**Task instructions**: Reproduce the listing below word for word, with no pictures.

**Data excerpt**:

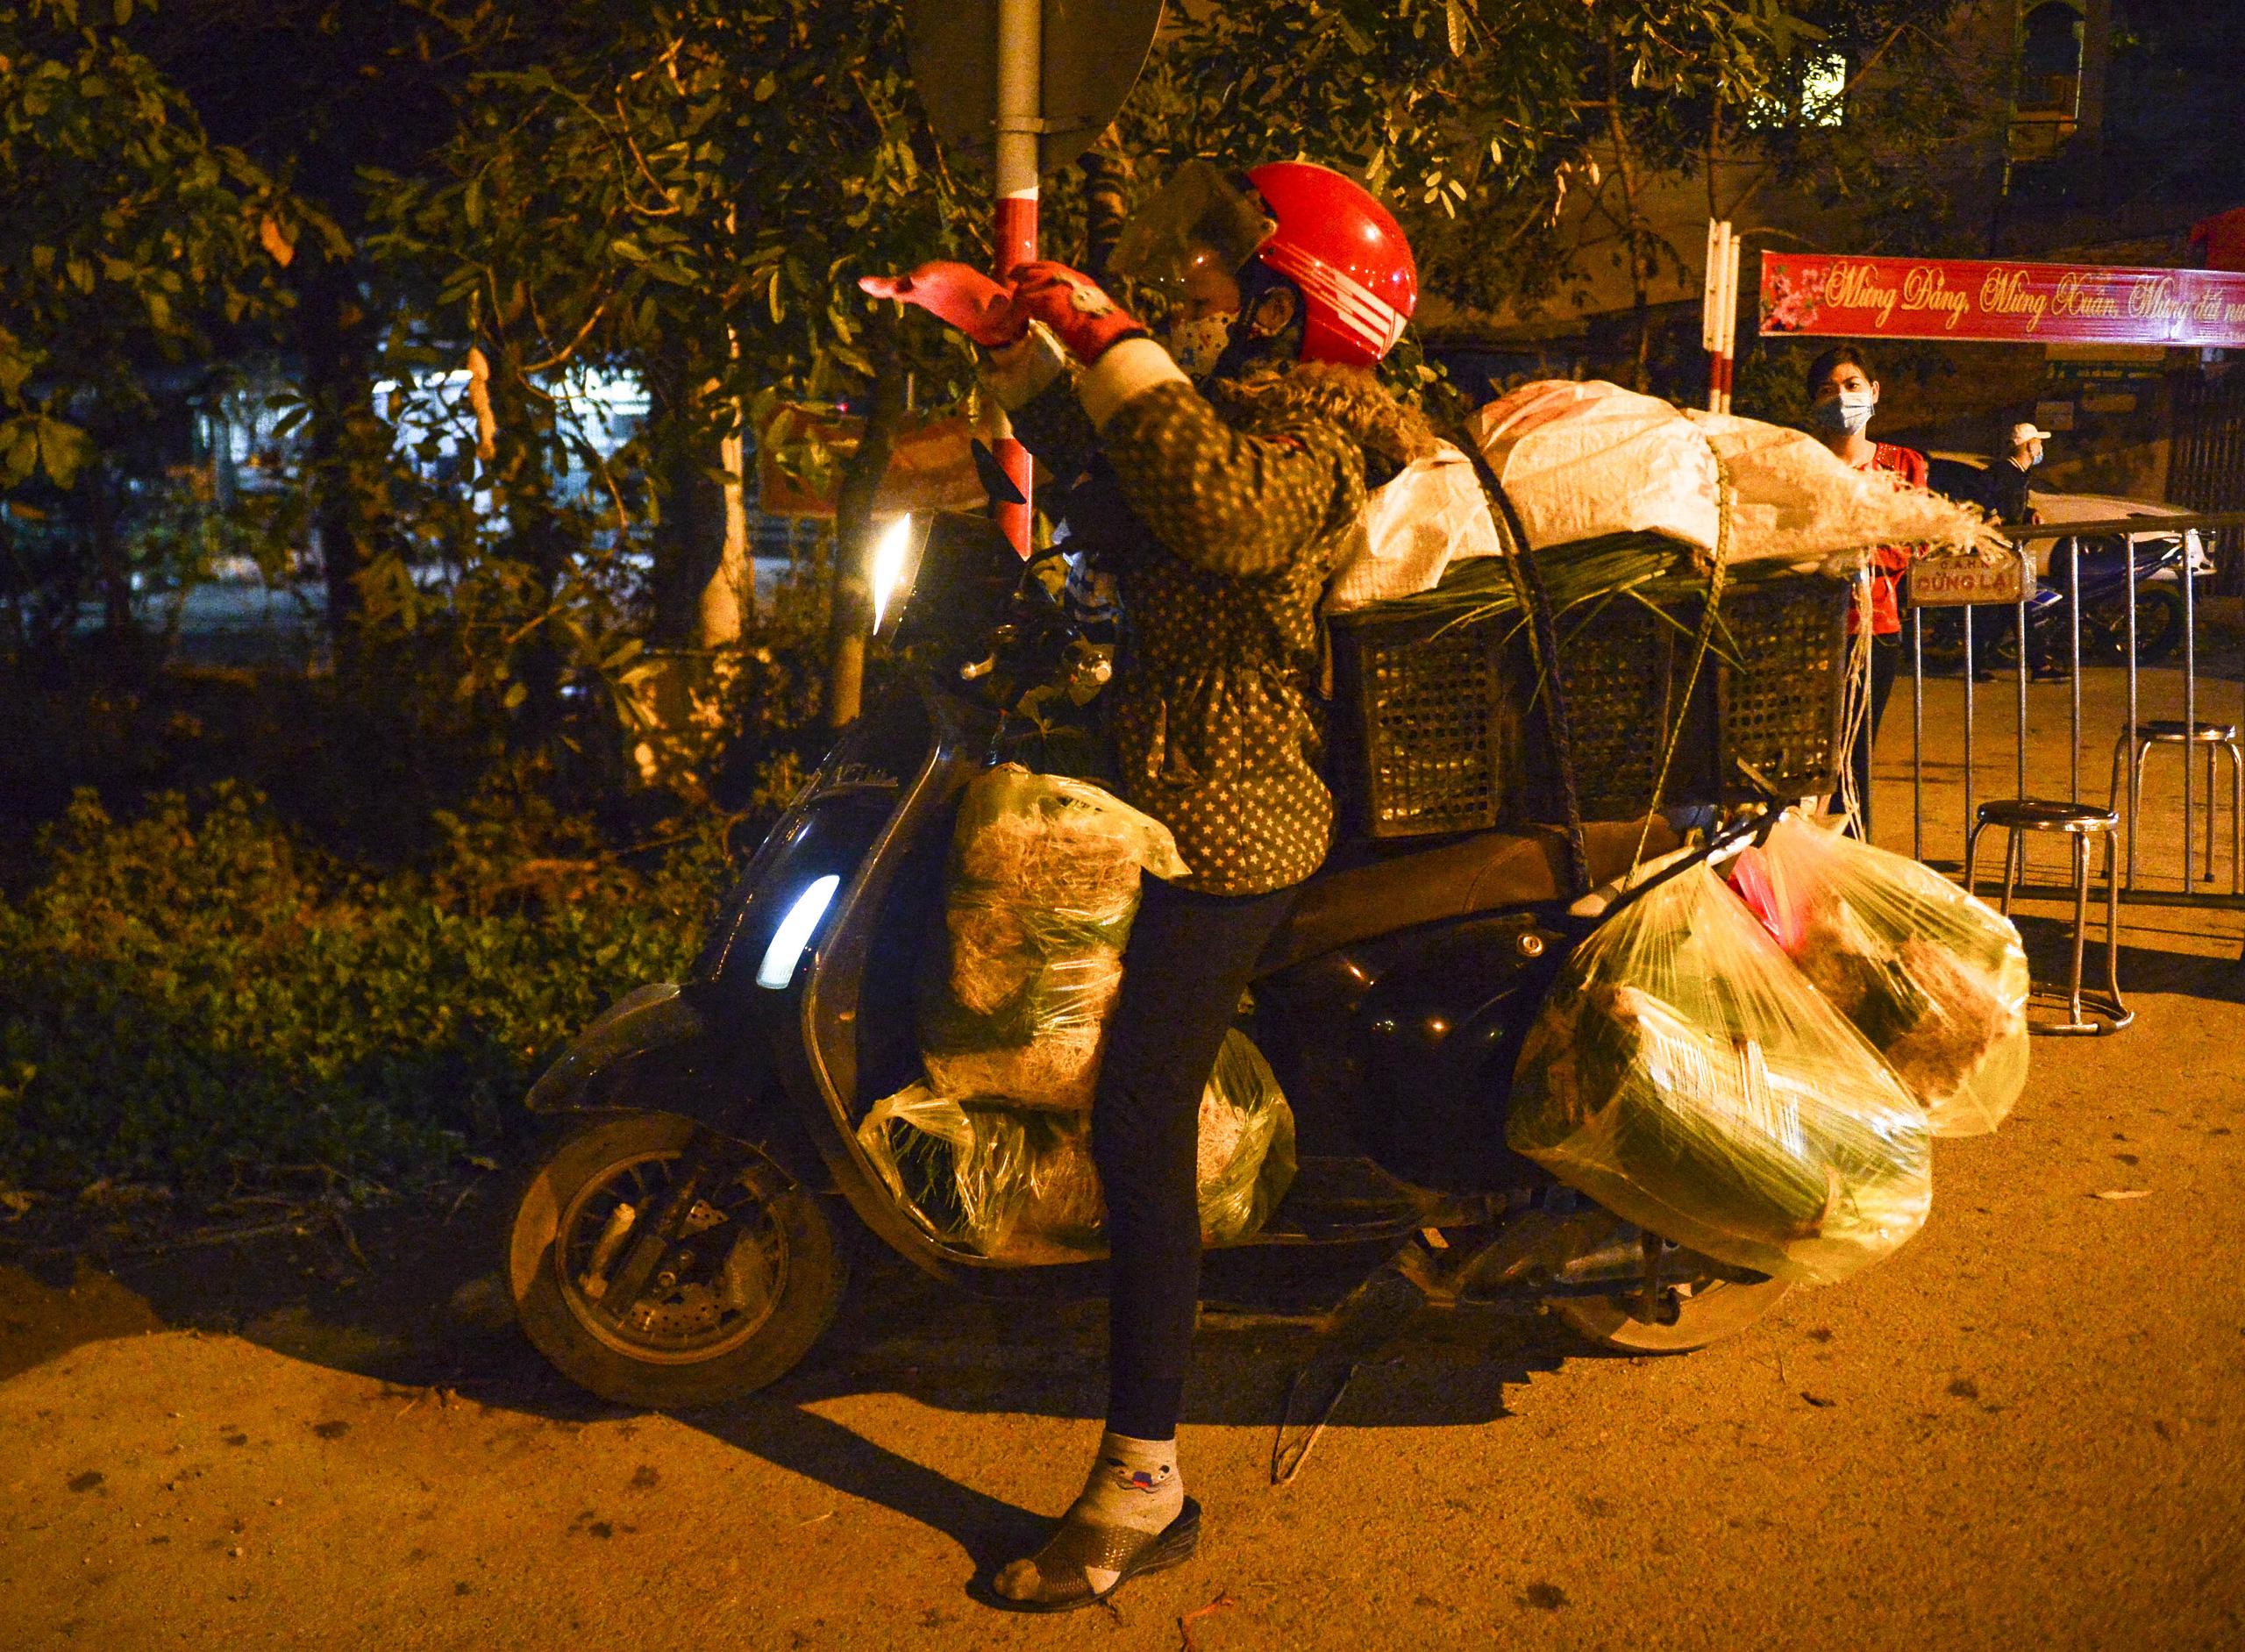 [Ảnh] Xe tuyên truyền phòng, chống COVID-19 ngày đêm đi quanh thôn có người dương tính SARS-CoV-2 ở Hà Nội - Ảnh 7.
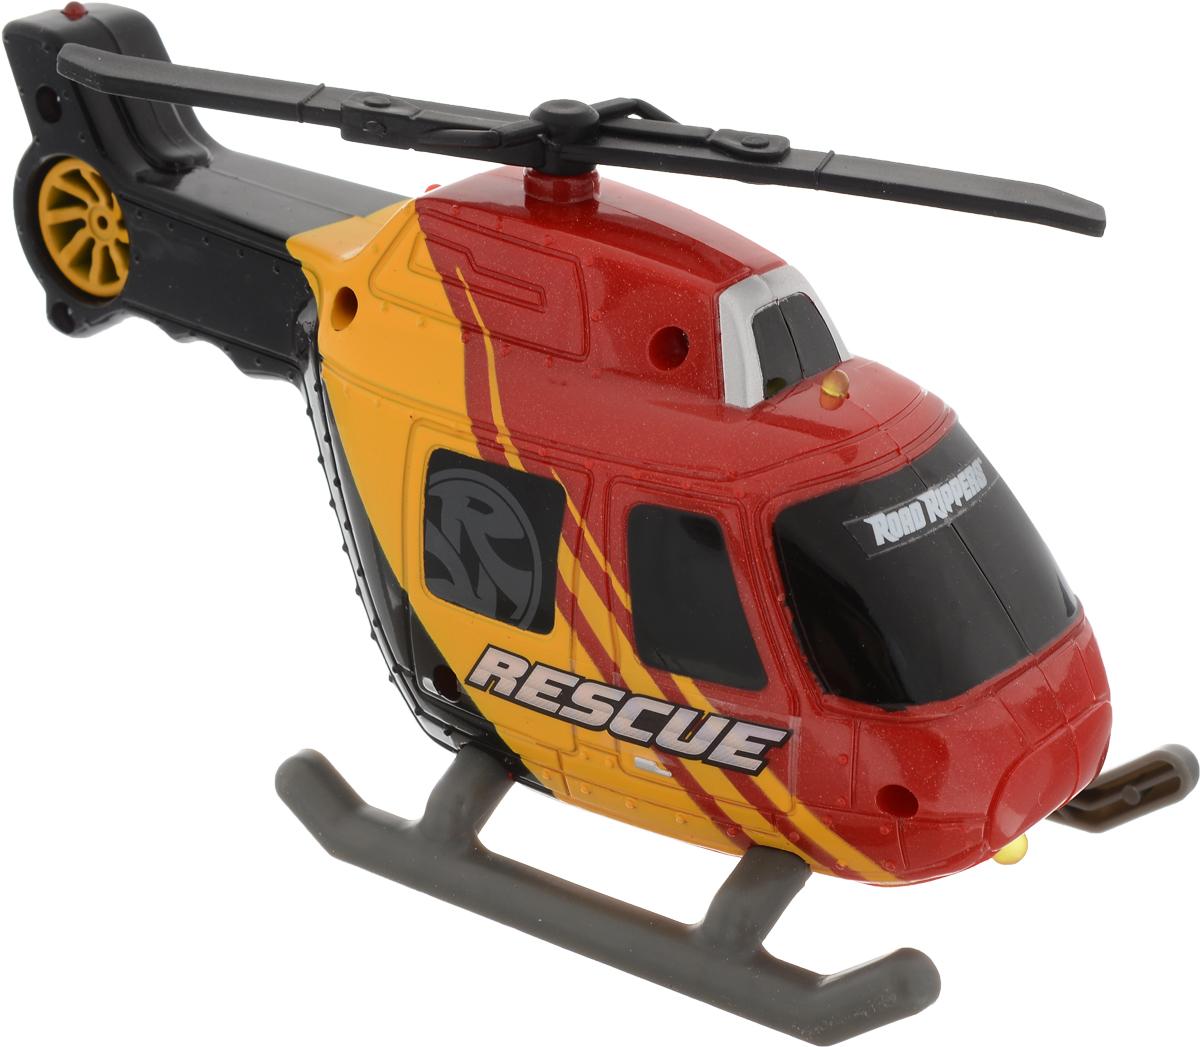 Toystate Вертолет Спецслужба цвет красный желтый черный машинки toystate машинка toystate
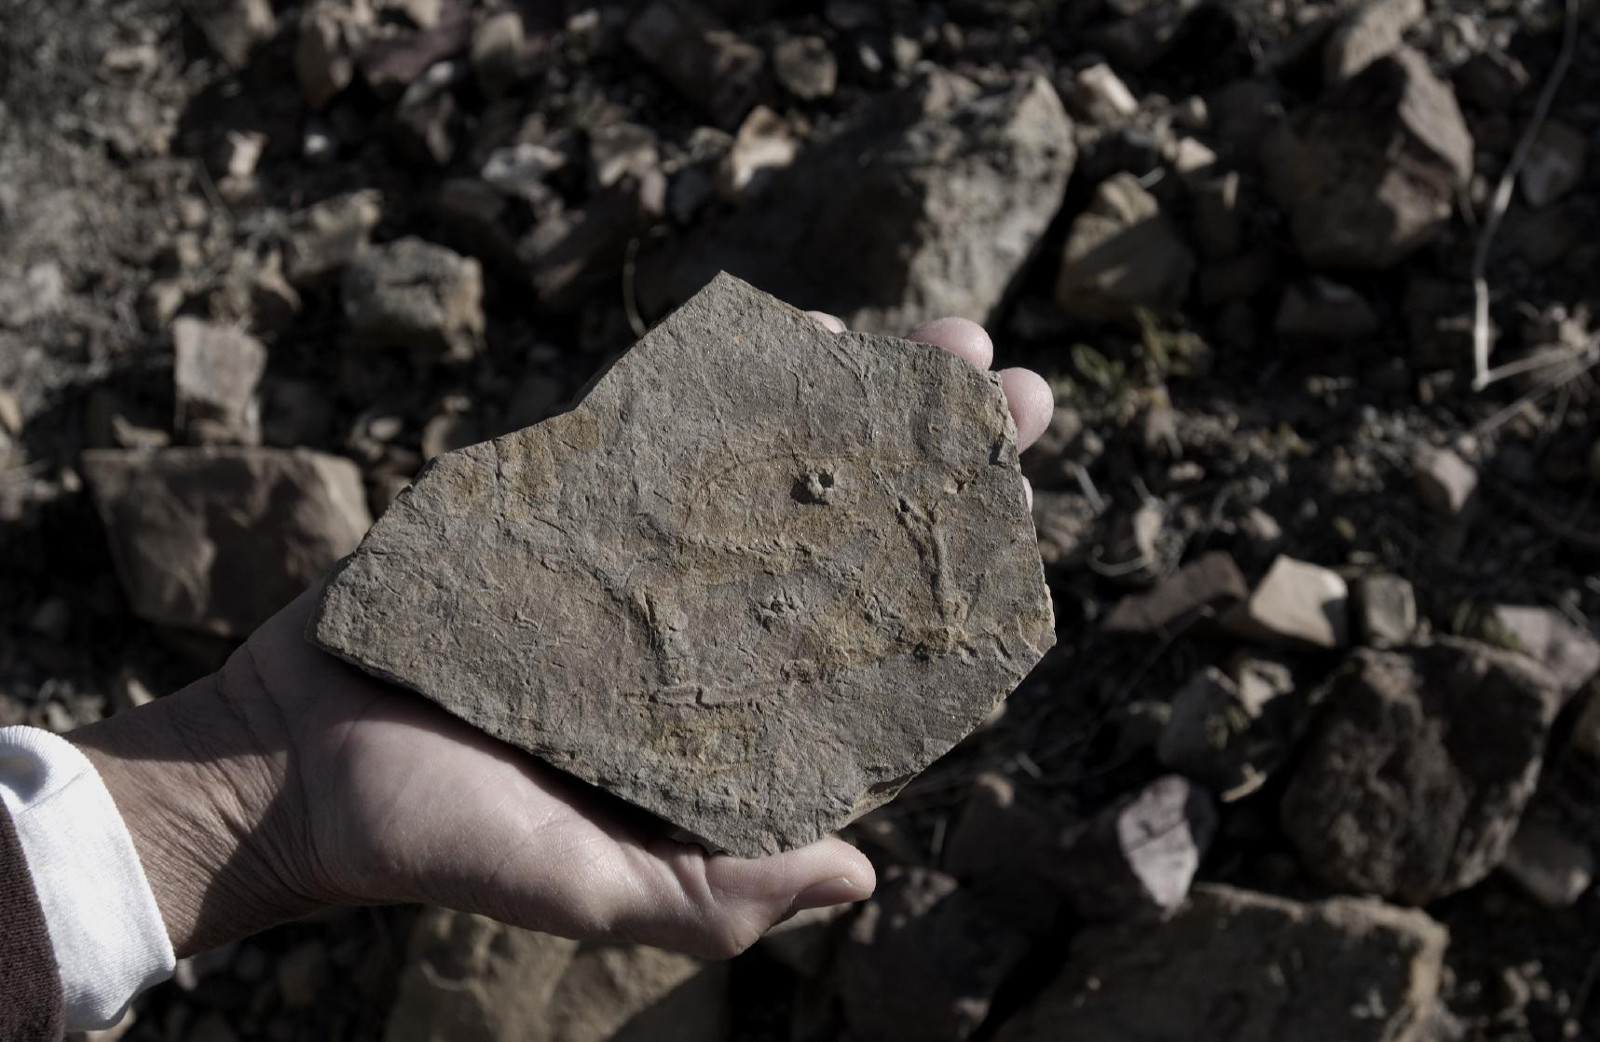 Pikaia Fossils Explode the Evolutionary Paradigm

**Solved problem**:
 [Ảnh] Xe tuyên truyền phòng, chống COVID-19 ngày đêm đi quanh thôn có người dương tính SARS-CoV-2 ở Hà Nội - Ảnh 7.
 Toystate Вертолет Спецслужба цвет красный желтый черный машинки toystate машинка toystate
 Pikaia Fossils Explode the Evolutionary Paradigm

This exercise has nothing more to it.